Copy out exactly, from the entries that follow, the line holding "Cena liposukcije stomaka", the line holding "気配りのフレッシュ・ミント・", and all lines between them, but no pictures.

## [MATERIAL FOR THE TASK]
****************
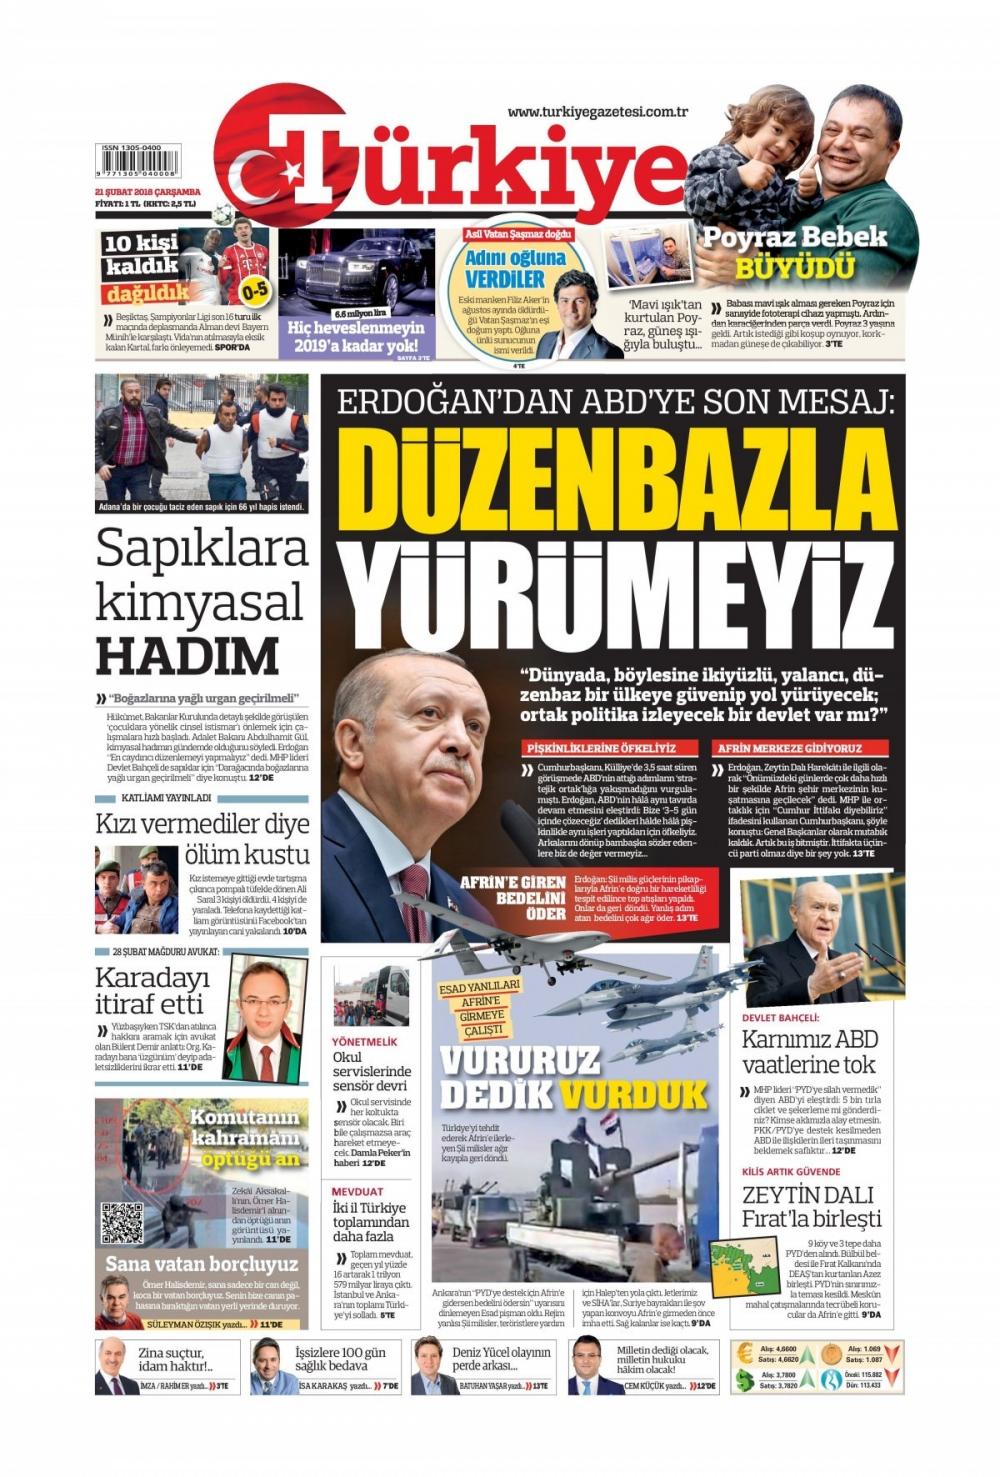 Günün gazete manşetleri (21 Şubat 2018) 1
****************
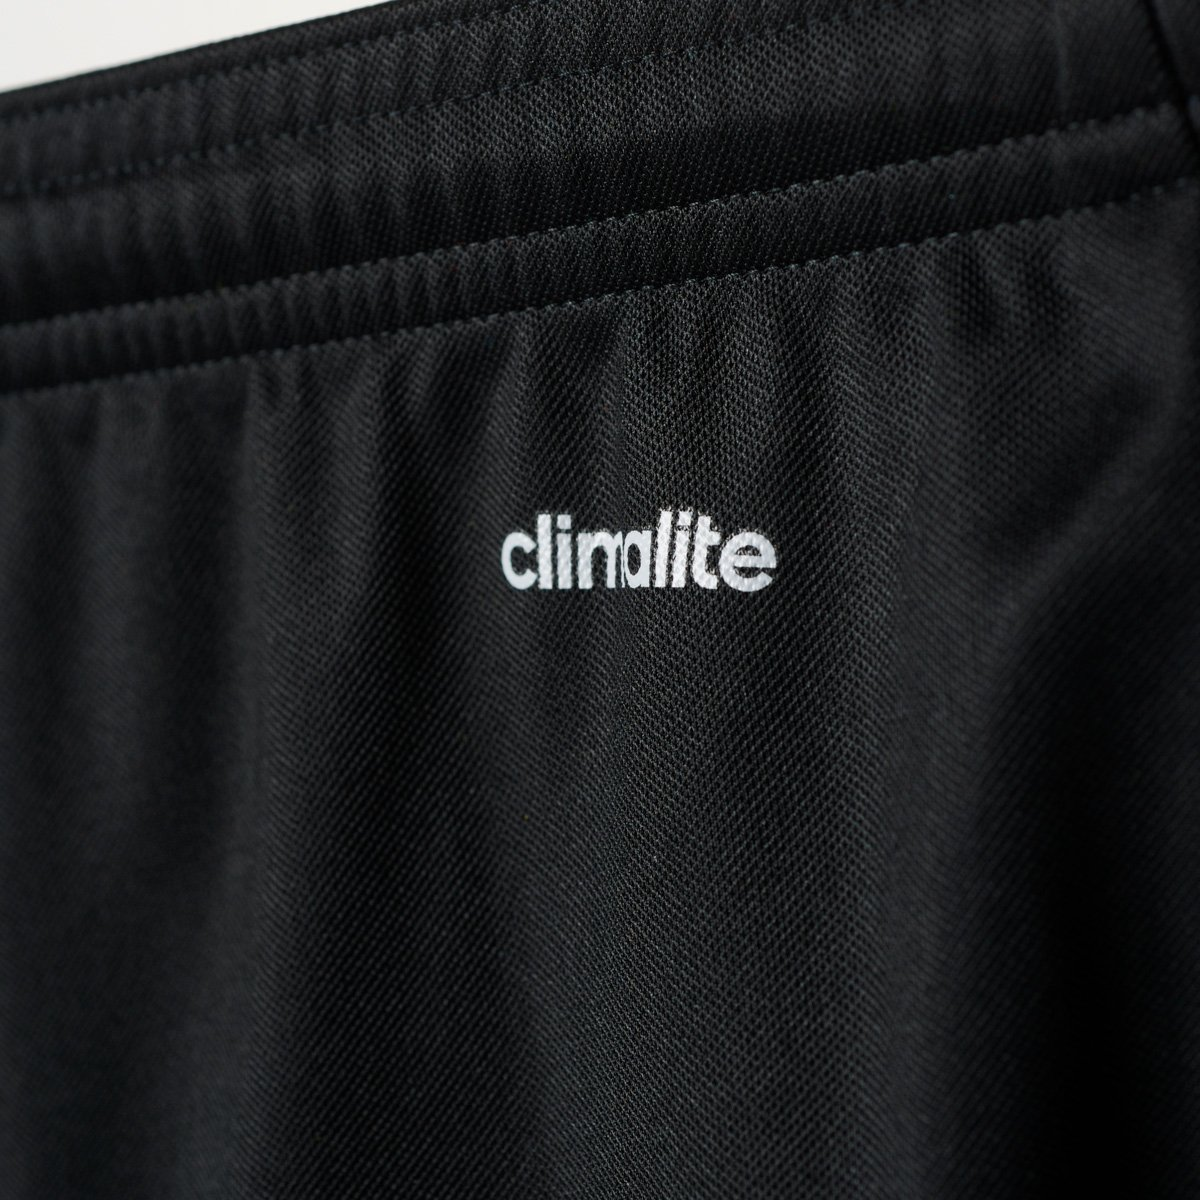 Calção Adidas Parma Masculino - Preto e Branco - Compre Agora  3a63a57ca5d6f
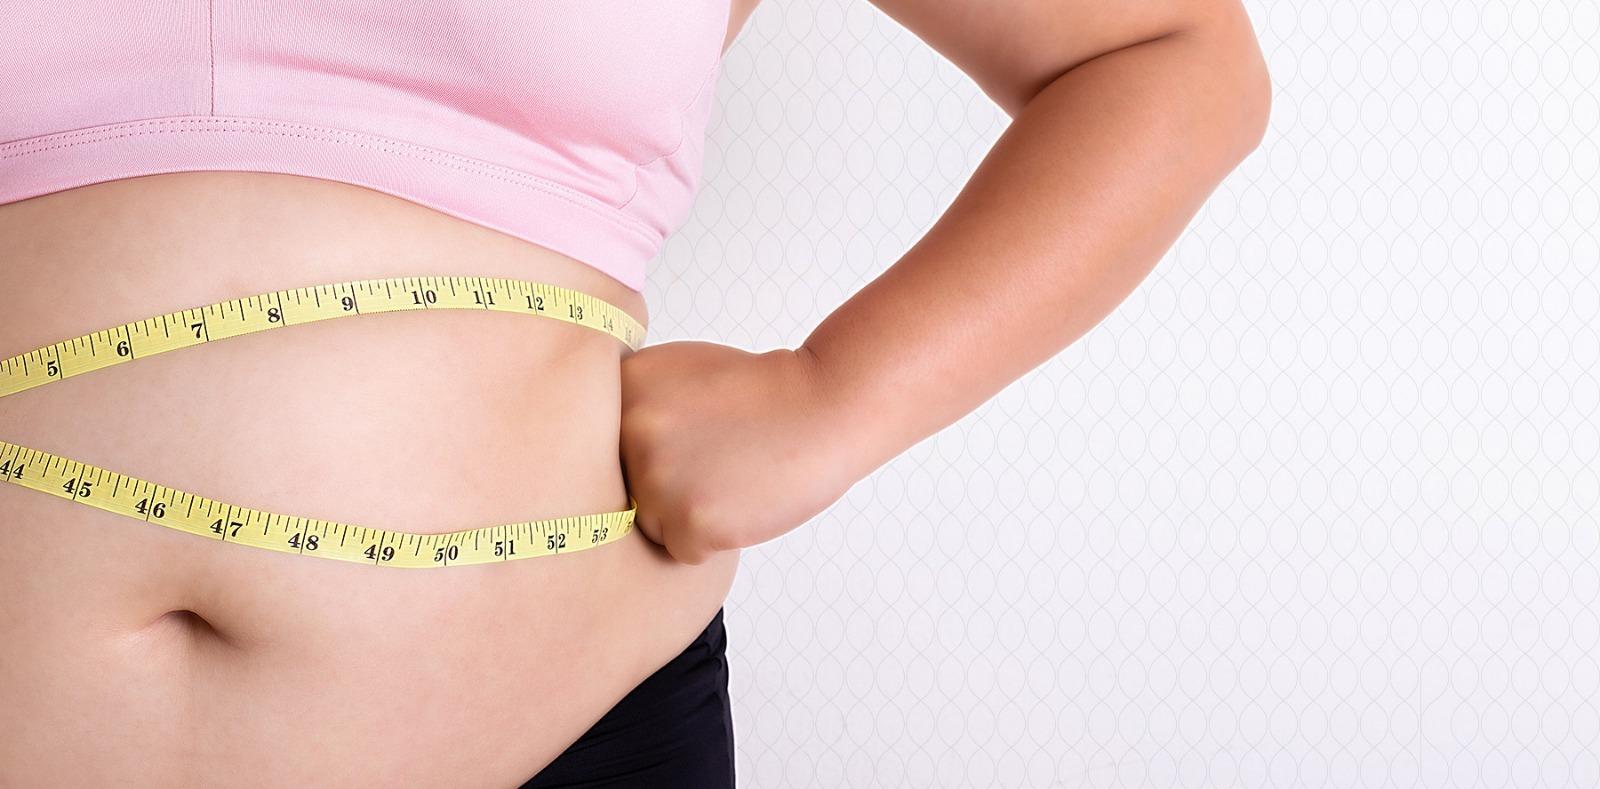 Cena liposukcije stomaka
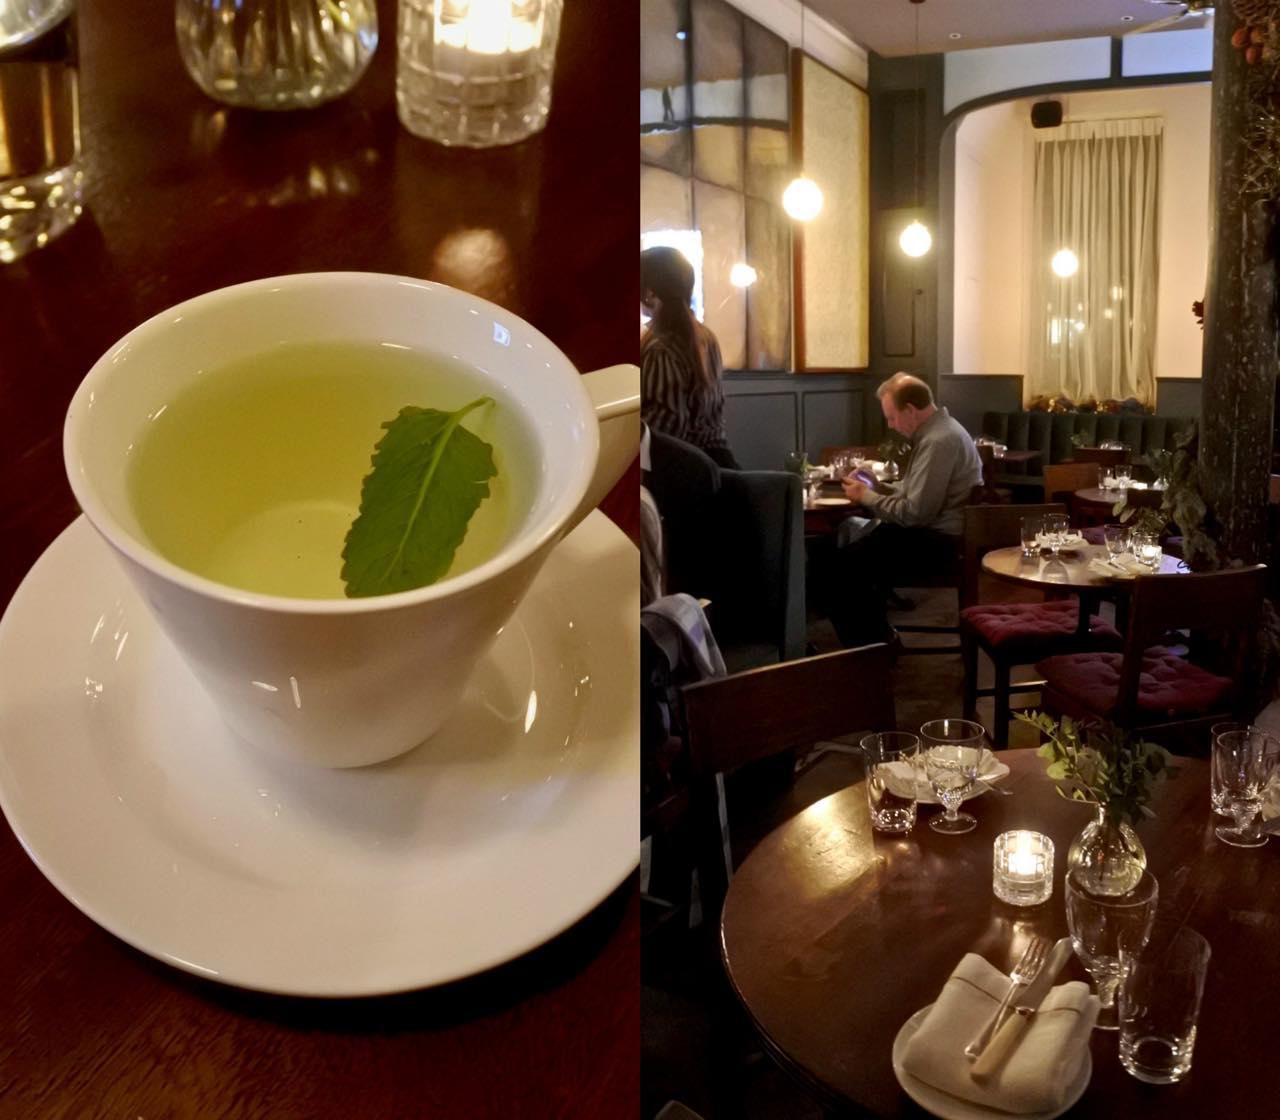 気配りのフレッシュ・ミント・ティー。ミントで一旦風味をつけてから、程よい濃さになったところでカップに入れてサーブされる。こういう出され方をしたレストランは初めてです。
****************
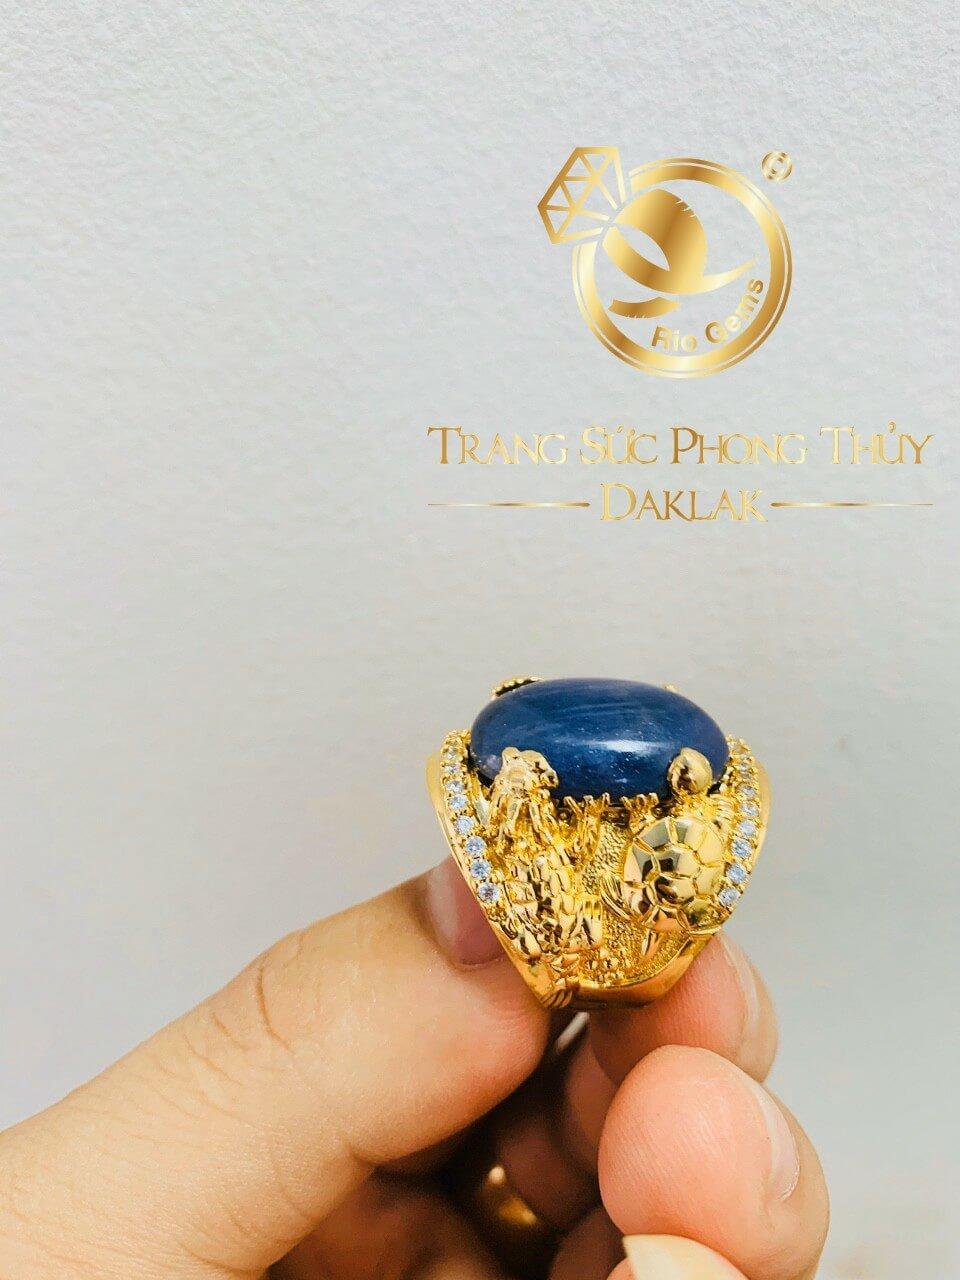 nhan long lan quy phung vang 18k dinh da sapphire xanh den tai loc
****************
## [RESPONSE TO THE EXERCISE]
 Cena liposukcije stomaka
 気配りのフレッシュ・ミント・ティー。ミントで一旦風味をつけてから、程よい濃さになったところでカップに入れてサーブされる。こういう出され方をしたレストランは初めてです。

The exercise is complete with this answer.